1. Property. The "Property" shall mean the real property located in the
City of Evanston, County of Cook, State of Illinois, legally described in
EXHIBIT A attached to this Assignment, together with all of Assignor's right,
title and interest in and to the building, structures and other improvements
located thereon, and commonly known as "1800 Sherman".
2. Contract. "Contract" shall mean that certain Real Estate Sale Agreement
dated _______________, 1998 by and between Assignor, as Seller, and
_________________, as Purchaser, for the purchase and sale of the Property.

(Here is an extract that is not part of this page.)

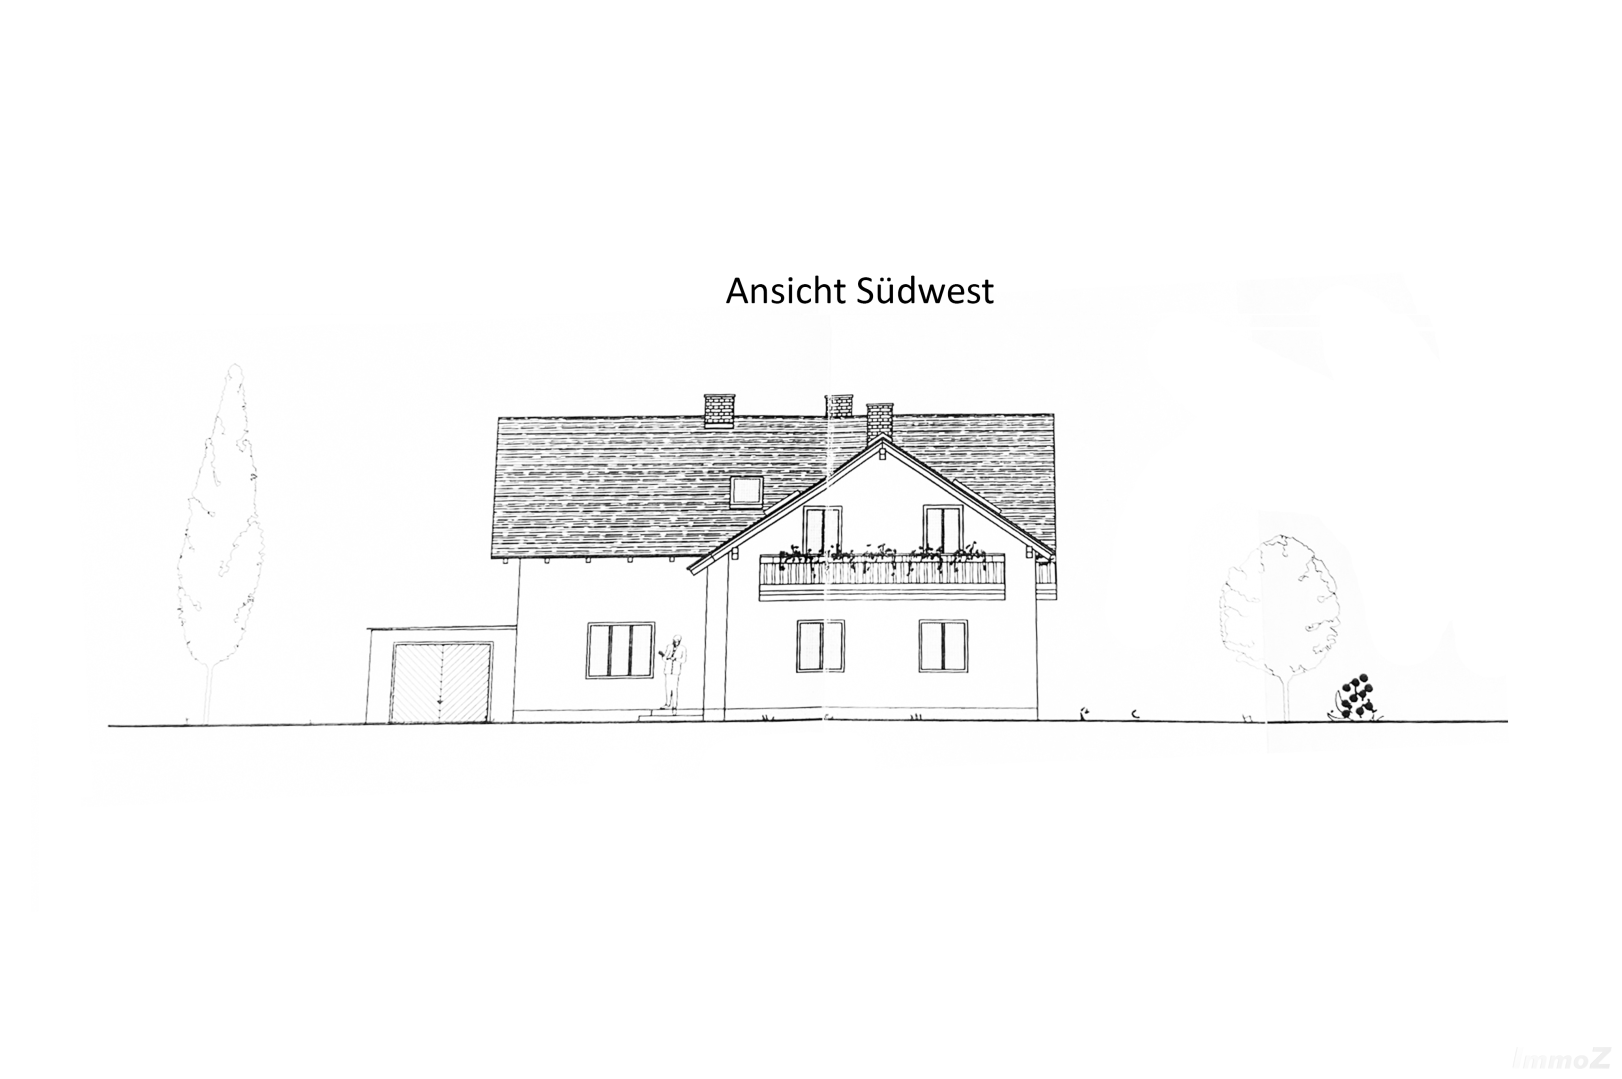 Zinshaus/Renditeobjekt/Gewerbeobjekt zu kaufen: Judendorfer Straße 70, 8112 Gratwein - Ansicht Südwest

3. Permits. "Permits" shall mean all certificates of occupancy, special use
permits, elevator inspection certificates, operating permits, and all other
permits issued by any governmental authority relating to the use, occupancy,
ownership or operation of the Property, if any.
4. General Intangibles. "General Intangibles" shall mean: (i) all
warranties and guaranties relating to the Property, (ii) all plans,
specifications and floor plans for the Office Building (as defined in the
Contract); and (iii) all existing intangible personal property pertaining to the
Property, including the name "1800 Sherman" but excluding any intangible
property pertaining in any way to the rights associated with the name "Equity
Office" or the name of any entity containing the words "Equity Office".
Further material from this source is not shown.